Entertainment

'Patriots Day' Revisits A Horrific Boston Day

CBS Films/Lionsgate

Patriots Day, the newest film from director Peter Berg and star Mark Wahlberg, recreates the events of the Boston Marathon bombings of 2013. The movie makes main characters out of the first responders — some real, others fictional — who were on the scene of the bombing and who contributed in the following manhunt for the bombers, brothers Tamerlan and Dzhokhar Tsarnaev. With a mix of characters based on real people and fictional characters created specifically for the film, just how accurate is Patriots Day?

It's tough to make a totally true historical feature no matter what the subject is, and this film is no different. Patriots Day was born from two screenplays, one focusing on the manhunt (Boston Strong) and one based on a 60 Minutes episode on the subject (Patriots Day). "Boston Strong was interesting but factually inaccurate, almost a work of fiction. Patriots Day was very, very accurate but didn't have the dramatic tension that I felt the movie needed," Berg explained in an interview with The Hollywood Reporter. The finished Patriots Day script is somewhere in the middle, with a large amount of procedural accuracy tied together by a fictional Boston PD hero, Tommy Saunders (Wahlberg).
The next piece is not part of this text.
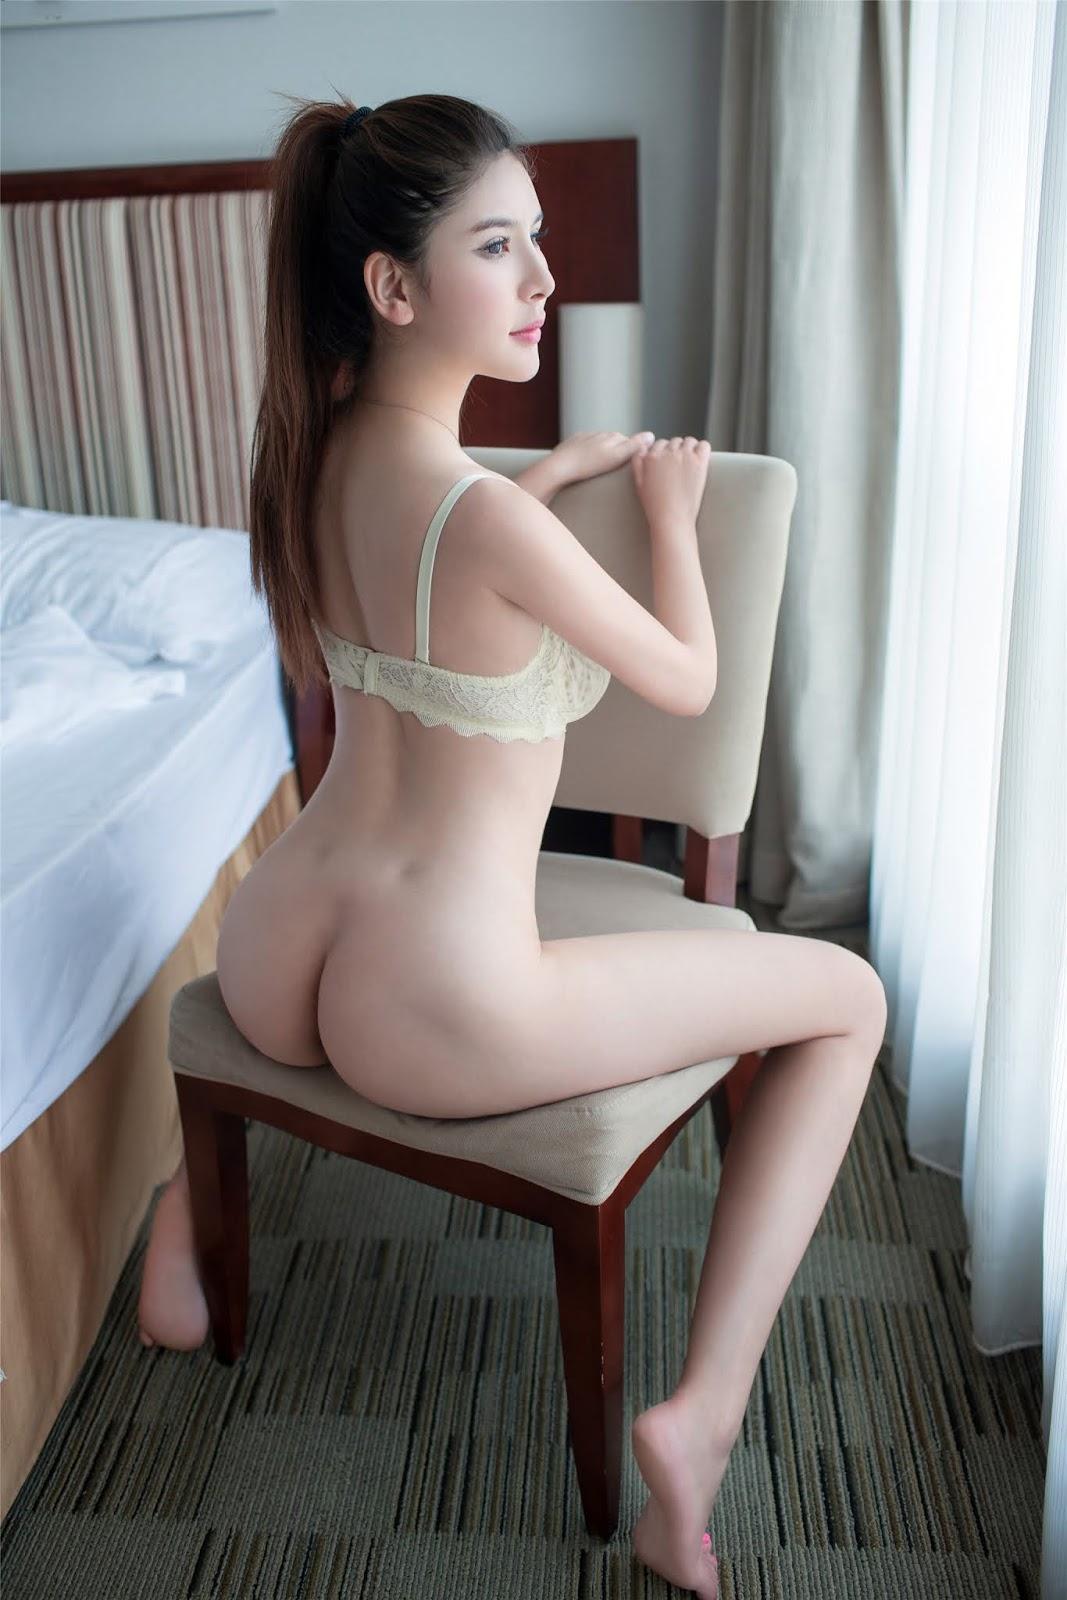 BoolWowGirls%2B%25282%2529 - Li LiSha 李丽莎 Beautiful Nude Model

In an attempt to make Patriots Day as accurate as possible, filmmakers met with many witnesses and first responders. Police Commissioner Ed Davis and Watertwon Sgt. Jeff Pugliese, who worked on the manhunt, as well as Dun Meng, the man who was carjacked by Tamerlan Tsarnaev after the bombings, worked with the filmmakers behind the scenes and met with the actors who portray them. "They really did their homework," the real Davis said during an appearance on CBS This Morning, via Sentinel and Enterprise. Speaking about John Goodman, who plays him in the film, Davis praised the actor's portrayal as dead on. "Right down to the scarf I was wearing and the jacket I had on," he said. "He practiced my accent and sounded just like me."

Writer Mark Shanahan of The Boston Globe, however, questioned the necessity of creating Wahlberg's fictional cop character and the accuracy of the final shootout between the Tsarnaev brothers and the police. Others have taken issue with the treatment of Tamerlan Tsarnaev's widow, Katherine Russell. But of course, any film based on true events will never be 100 percent accurate, nor will it ever please anybody directly involved with those events. Patriots Day can feel true for some and not for others, and that's perfectly fine.

Editor's Note: An earlier version of this article incorrectly stated that a third script, Stronger, inspired Patriots Day.